» **TASK INSTRUCTIONS**:
Please output the listing below character for character and omit the images.

» **COLLECTED DATA**:
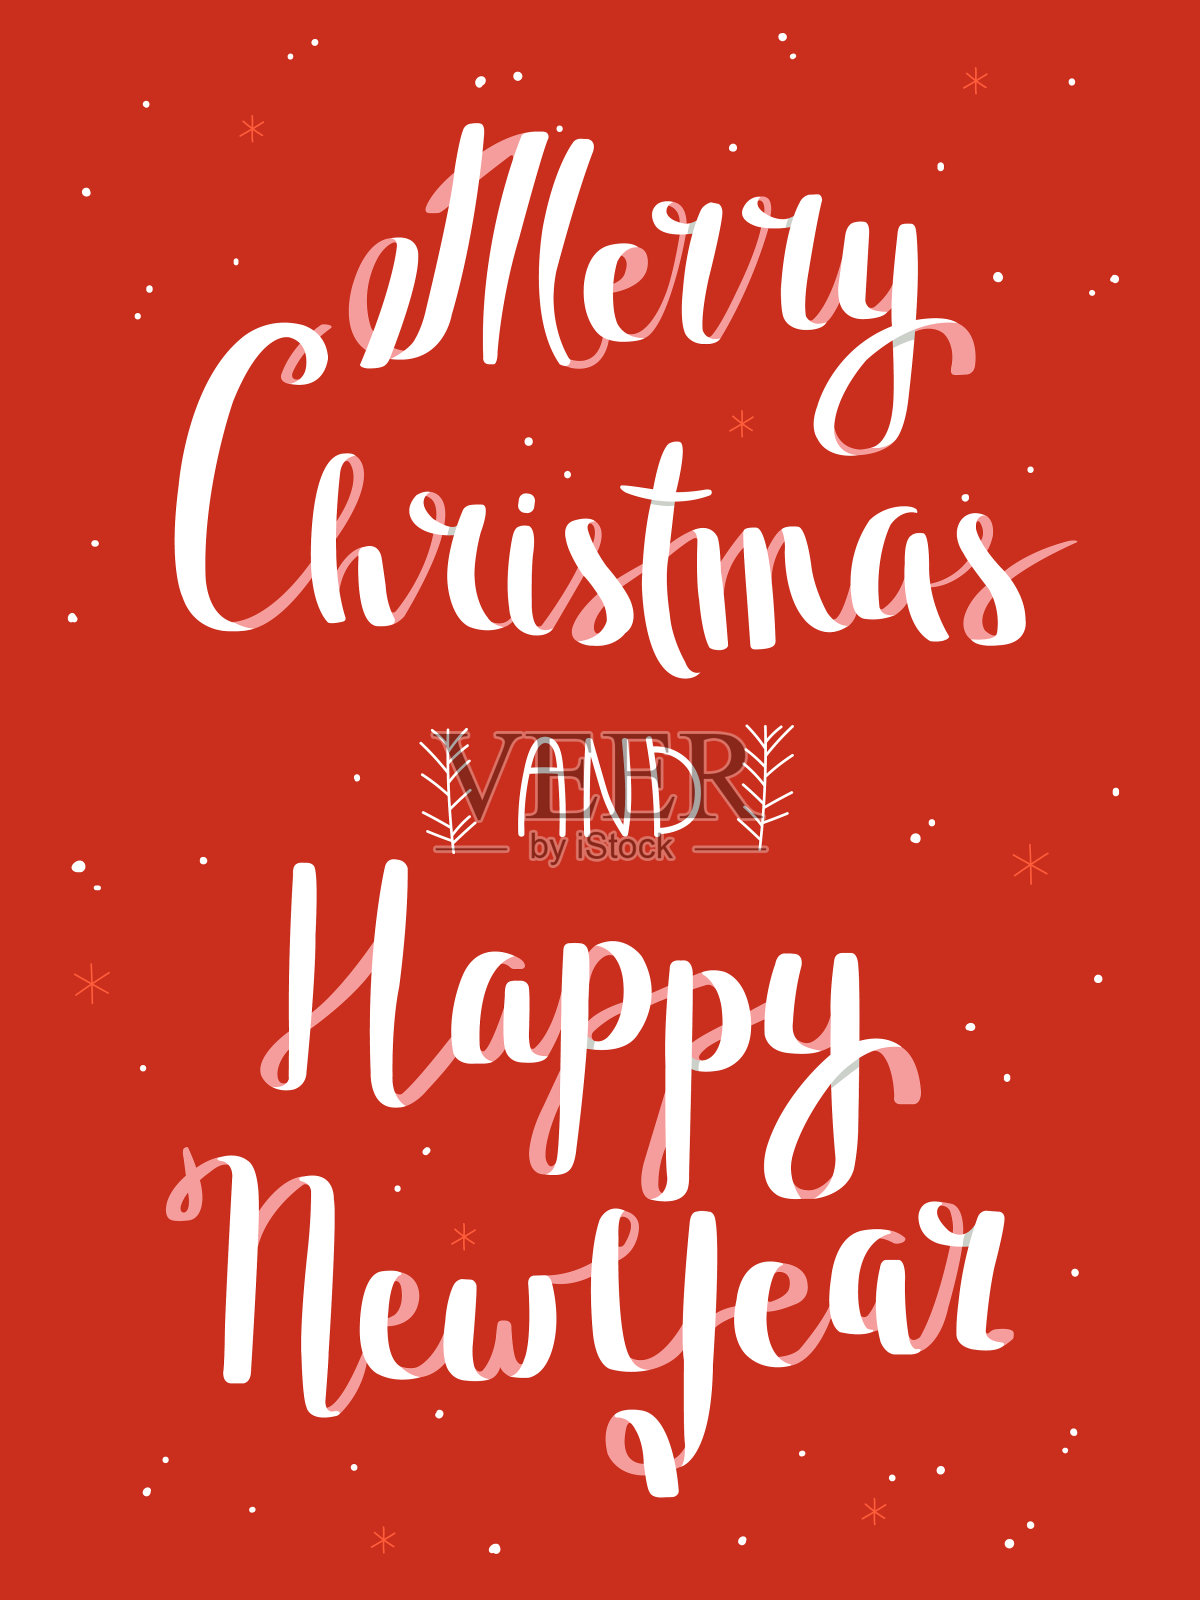 圣诞快乐及新年快乐海报(红色背景)设计模板素材
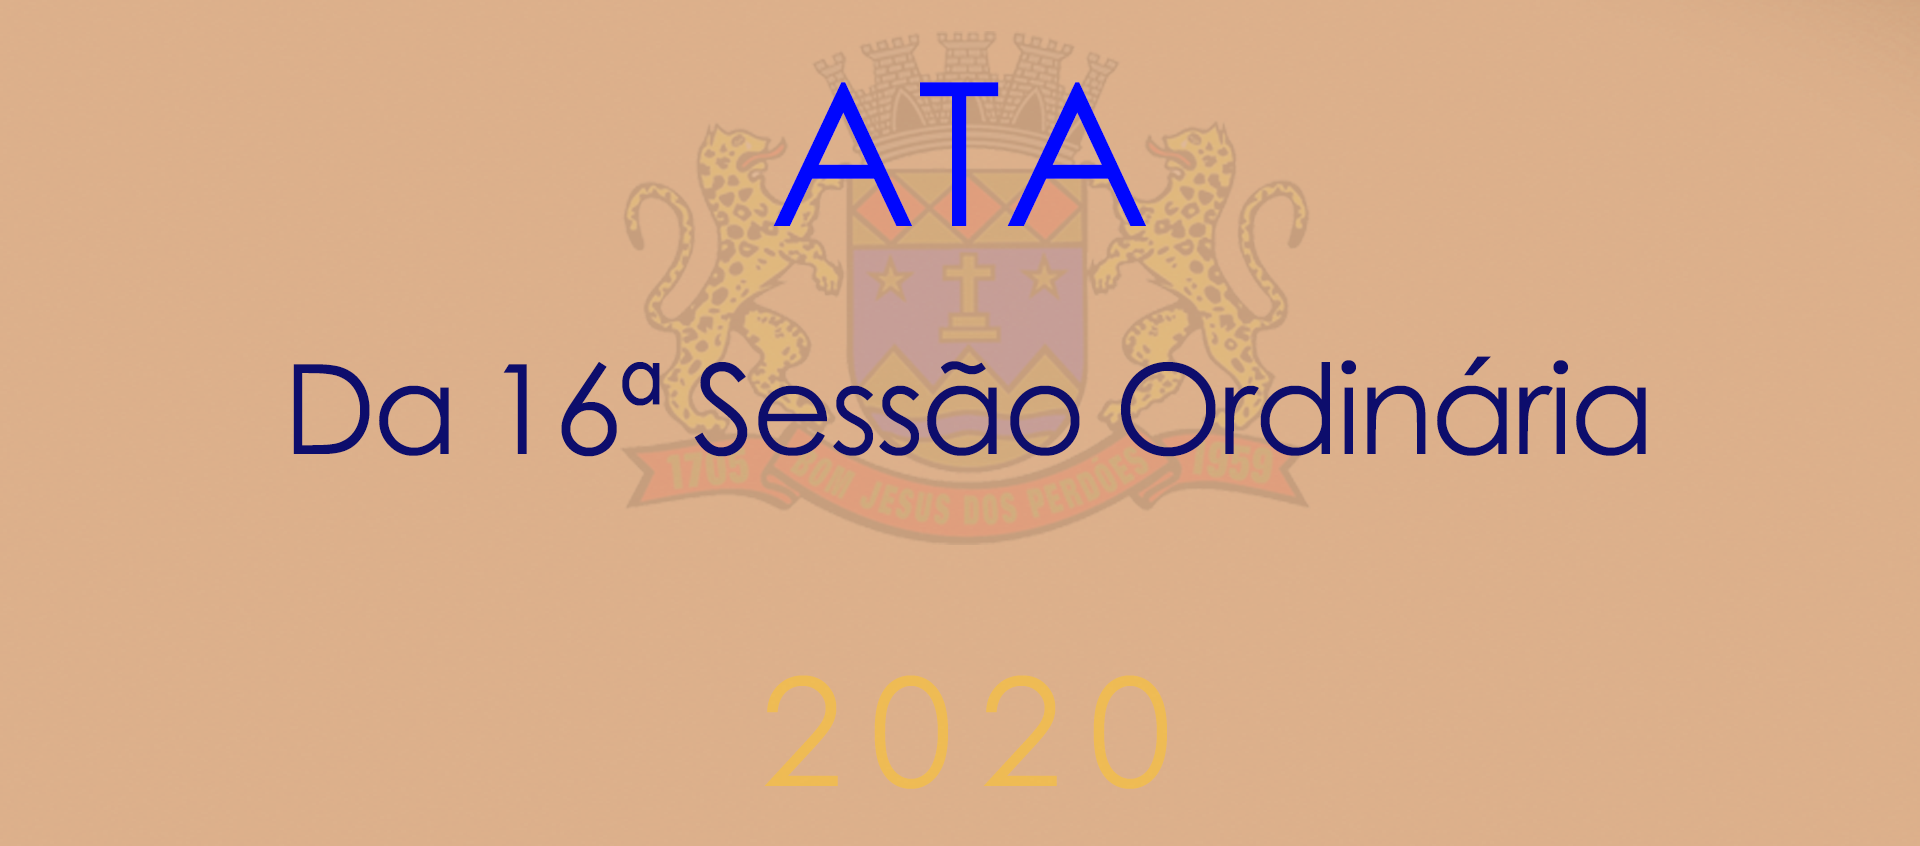 Ata da 16ª Sessão Ordinária - 2020
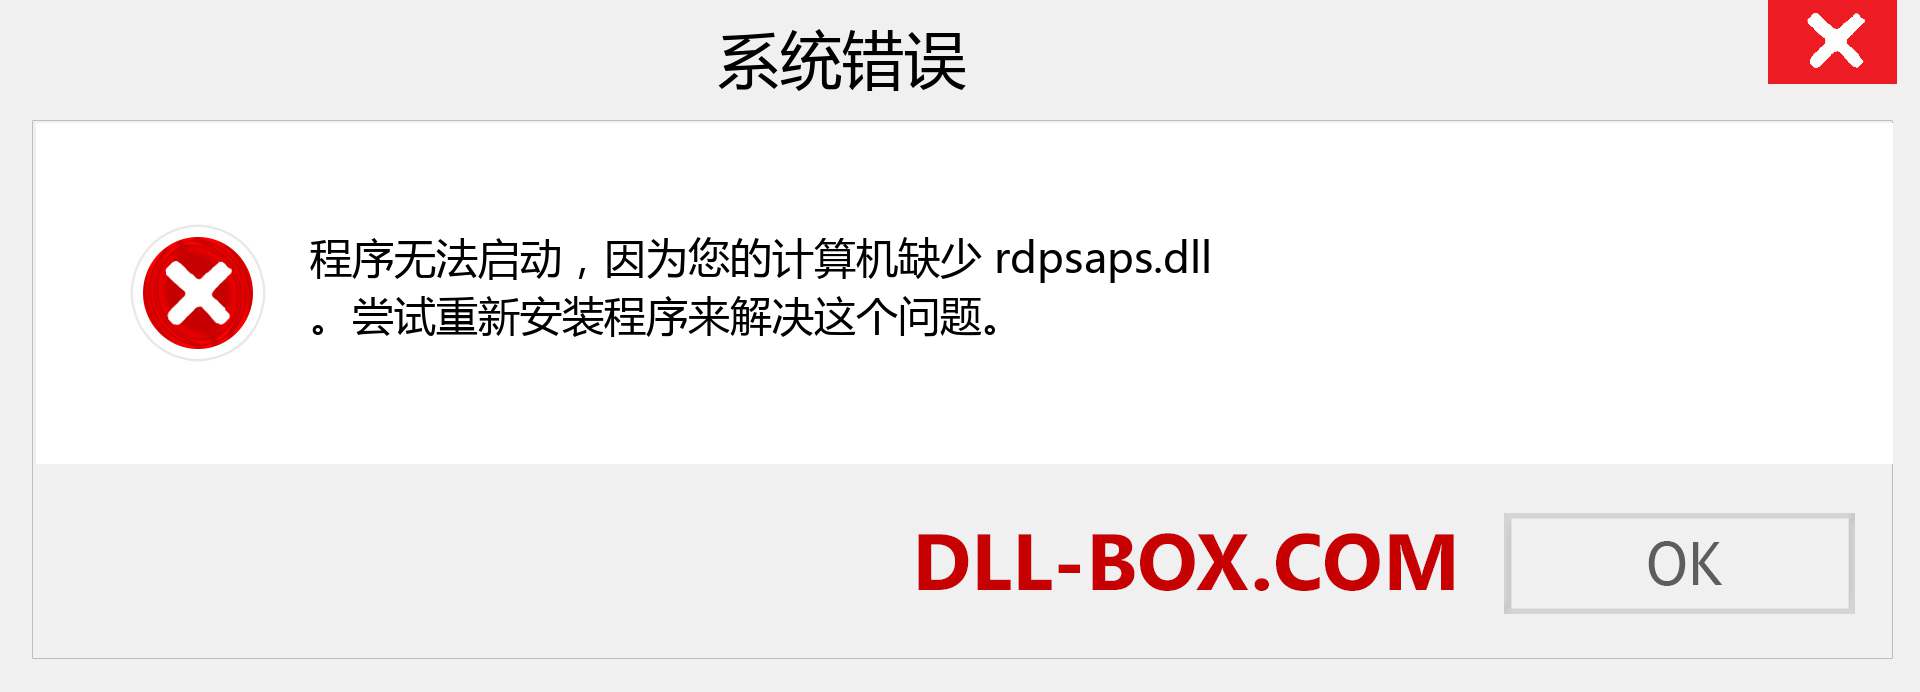 rdpsaps.dll 文件丢失？。 适用于 Windows 7、8、10 的下载 - 修复 Windows、照片、图像上的 rdpsaps dll 丢失错误

» **WRITTEN ANSWER**:
 圣诞快乐及新年快乐海报(红色背景)设计模板素材
 Ata da 16ª Sessão Ordinária - 2020
 rdpsaps.dll 文件丢失？。 适用于 Windows 7、8、10 的下载 - 修复 Windows、照片、图像上的 rdpsaps dll 丢失错误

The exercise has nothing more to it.